The side effects of the chemo are annoying but not unmanageable and I always say “it’s better than the alternative”. My newest side effect is neuropathy and causes my fingers and toes to be numb. Basically it feels like my finger and toes are asleep all the time. I also get mouth sores that are a lot like cold sores and make it miserable to eat for a few days – but hey, soup is good on those days.
So, I’m coming to the end of this post and havn’t addressed the elephant in the room…. the $64,000 question…..what I would want to know if I’m someone reading this post……just what IS your prognosis? (Insert shock, pearl clutching and audible gasps.). Polite people just DON’T ask that sort of question! I’m realistic and don’t shock easily. I have found that people wonder about that for a couple of reasons : 1. They tend to assess the seriousness of your situation based on “are you going to die?” And 2. Close friends and family want to prepare themselves for what may be in store. So here’s what I can tell you; After we had that awful experience with the first oncologist I told Dr. Al-Rajabi that I didn’t want to know specifics on how long I had to live. The fact is, we all know we’re going to die- most people don’t know when. Unfortunately I know how I will probably die, so I have no use for knowing when. I don’t want to live my life with this number hanging over my head. I set goals and make plans just like someone without a chronic illness. Cancer is part of our lives, but it’s not our lives. If I wasn’t receiving treatment my life would be short but I am and so I have every reason to keep keepin’ on.
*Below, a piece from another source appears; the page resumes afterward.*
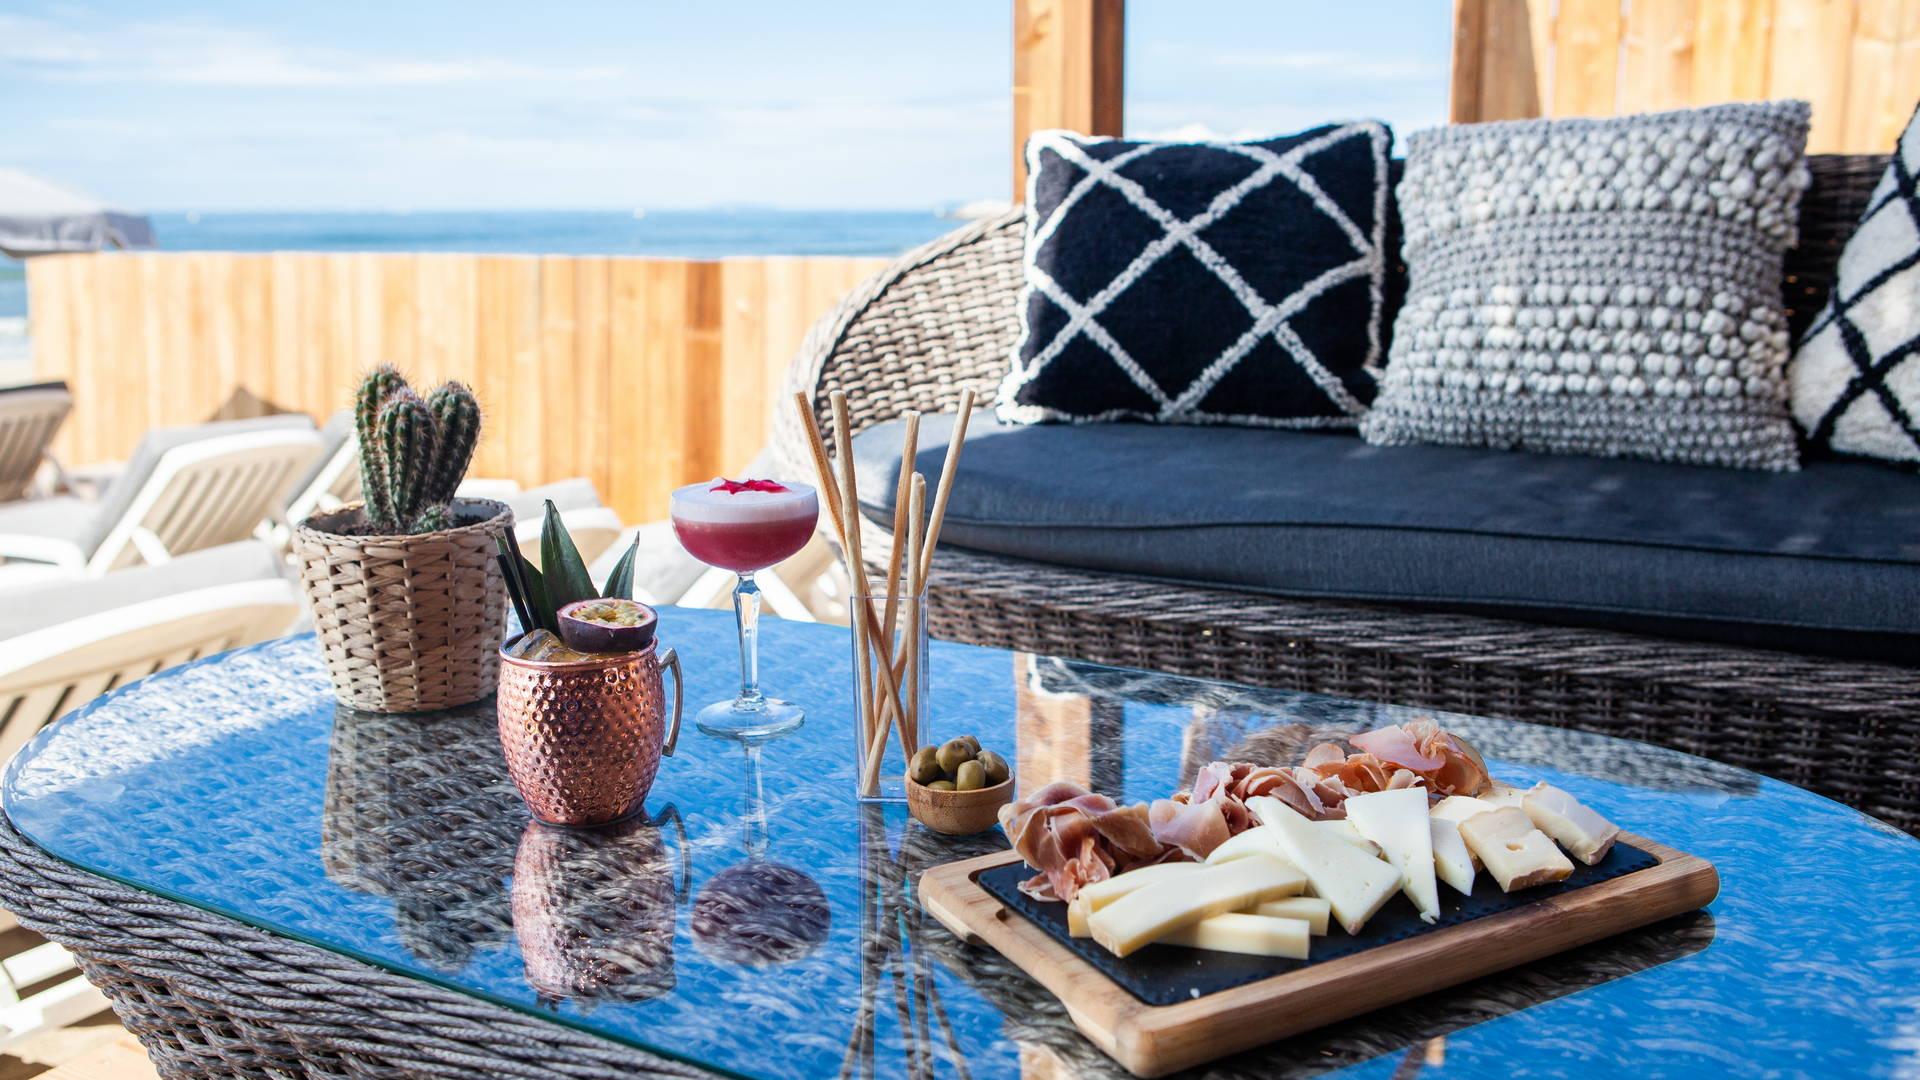 Espace avec canapé et planche de charcuterie et fromage accompagné d'un cocktail au bord de l'eau, plage privée la grande motte, Hôtel La Plage.

The plan is to continue this course of treatment while it’s working (and it IS working right now – my tumors have shrunk by 75% in some cases) until it stops yielding results and then we’ll change out the medication and ride that course until we move on to another and so on and so on. Right now I’m doing great. I feel well and my quality of life is high. I have no reason to believe anything is imminent.
It is true that one day I will die, but it’s true for all of us and for me that day is not today.